From Wikipedia, the free encyclopedia

The Tithe War in Ireland (1831-36) refers to a series of periodic skirmishes and violent incidents connected to resistance to the obligation of Roman Catholics in Ireland to pay tithes for the upkeep of the Anglican Clergy.

The payment of tithes was an obligation on those working the land to pay an annual tithe of 10% of the value of certain types of agricultural produce for the upkeep of the church. On the introduction of the Penal Laws from the 1600s, these payments went to the Anglican (Episcopal) Church of Ireland, despite the fact that the vast majority of the population were Roman Catholic. Despite Daniel O’Connell’s achievement of having most remaining Penal Laws repealed in 1829 (Catholic Emancipation), the obligation to pay tithes remained. More often than not, tithes were collected in the form of goods, especially livestock, as opposed to payment of monies, as little cash was available in the countryside.

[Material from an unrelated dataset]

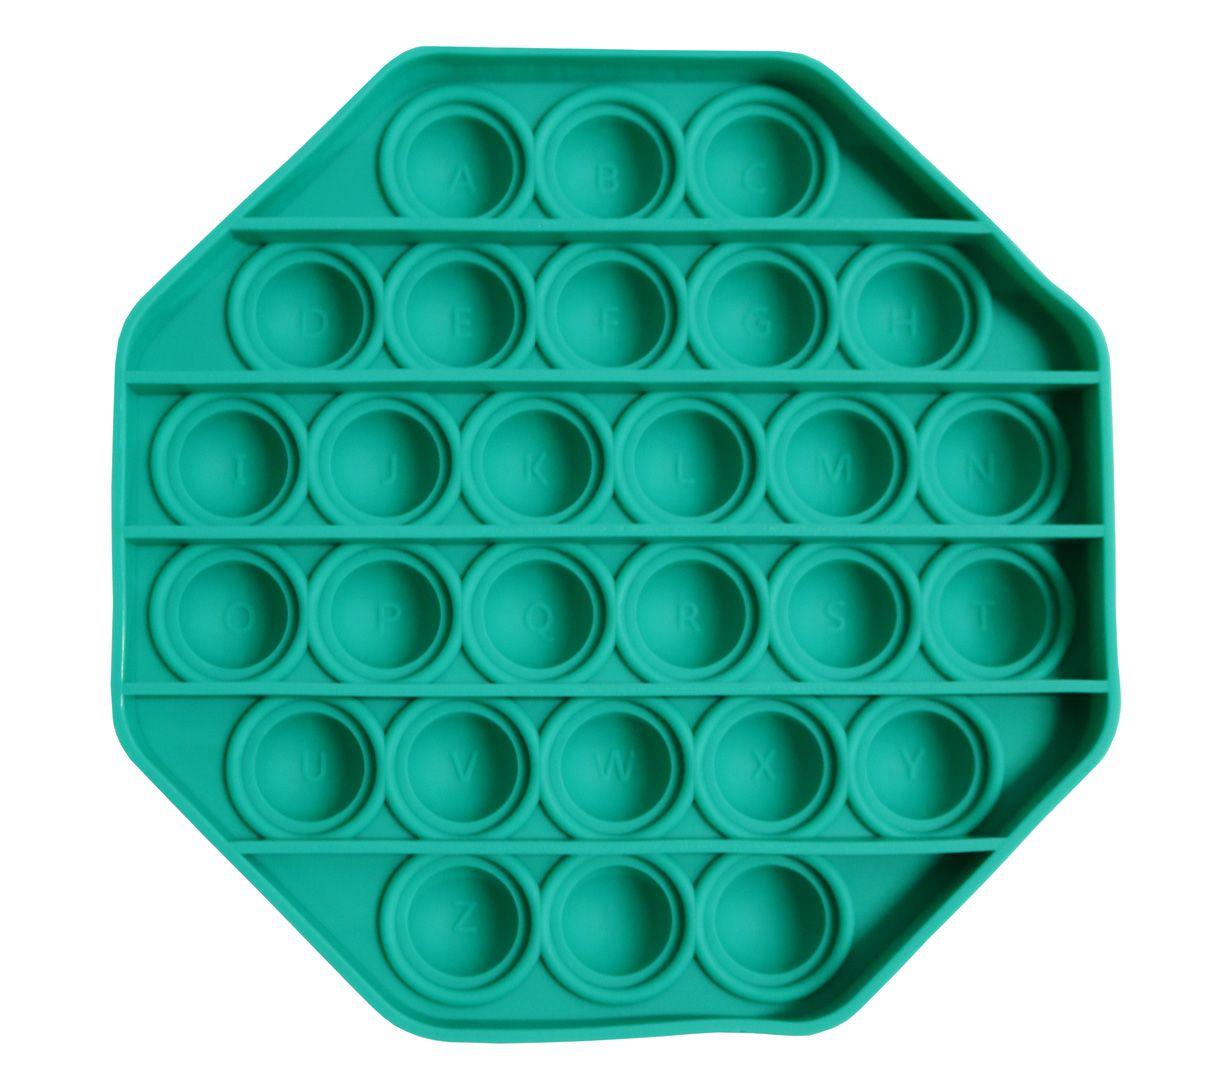 Zabawka sensoryczna PopIt antystresowa w kształcie oktagonu - zielona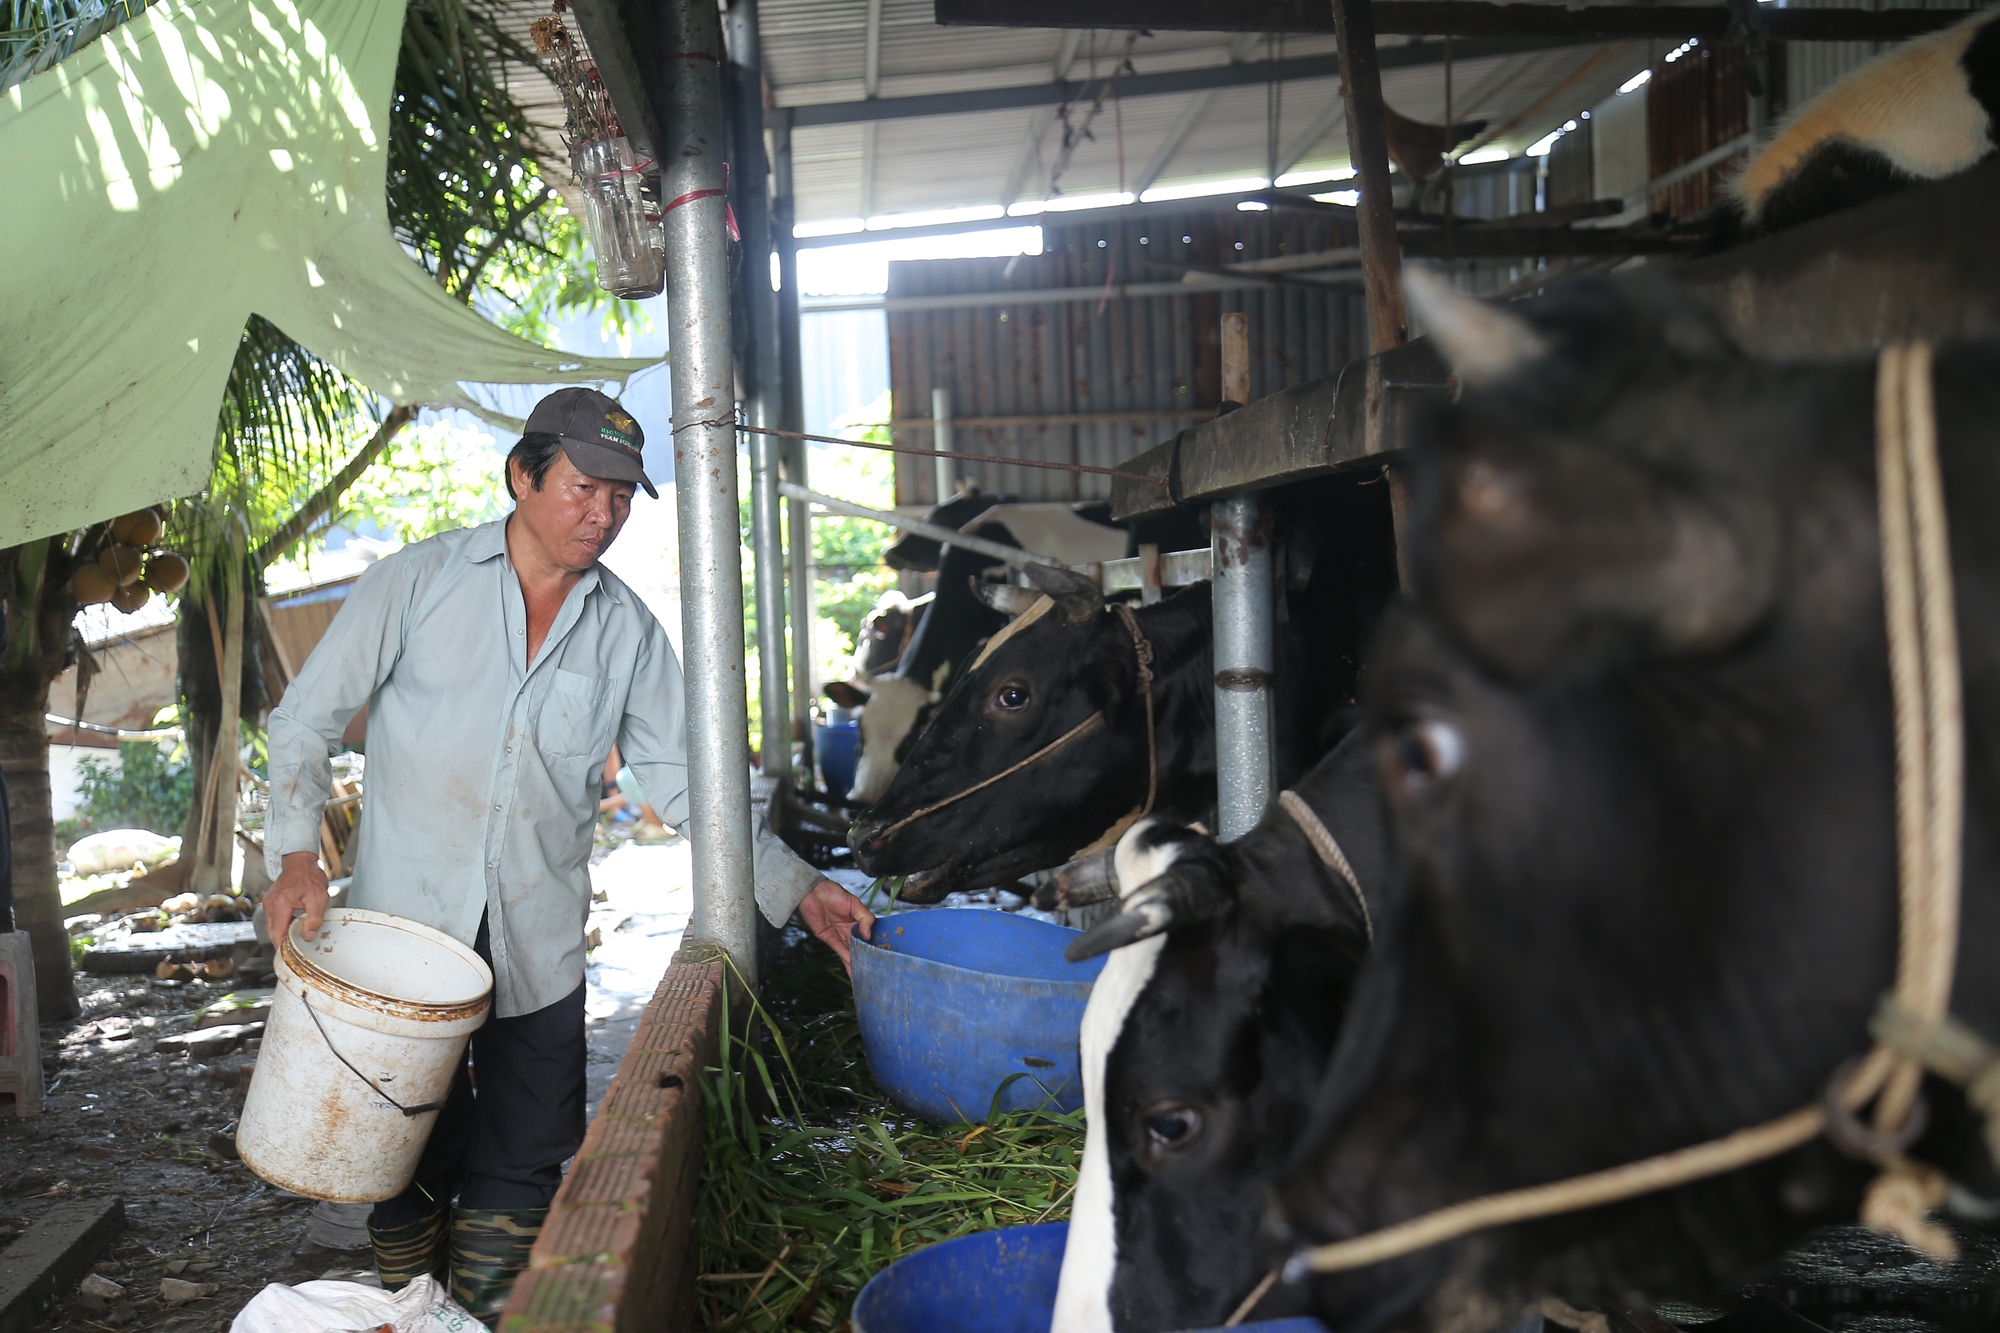 Thức ăn gia súc tăng cao, nông dân TP.HCM bán bò, tính bỏ nghề chăn nuôi - Ảnh 3.

There had been a campaign of largely peaceful resistance to collection since 1829 and it soon had a financial effect on the Anglican Clergy, who began in 1831 to record lists of defaulters. These lists of “Tithe Defaulters” identified almost 30,000 individuals, with heavy concentrations of non-payers in counties Kilkenny, Tipperary and Wexford. The lists were passed on to the Irish Constabulary, which had been established in 1822 to take over functions of the militia.

The first clash of the Tithe war took place on 3 March 1831 in Graiguenamanagh, county Kilkenny when a force of 120 armed police forcibly took possession of cattle belonging to a Roman Catholic priest, in lieu of Tithes. He had, with the approval of his bishop, organised people to resist Tithe collection; his example soon spread, and shortly afterwards, in Bunclody, county Wexford, a crowd resisting the seizure of cattle was fired upon by the Constabulary, resulting in twelve deaths and twenty fatally wounded. This massacre caused people to organise their resistance with agreed signals such as warning the community of the approach of police by the ringing of chapel bells. Such a warning resulted on 14 December 1831 in an ambush of a detachment of 40 police at Carrickshock in County Kilkenny; they were routed by the forewarned inhabitants and had 19 of their number killed, including their Chief Constable.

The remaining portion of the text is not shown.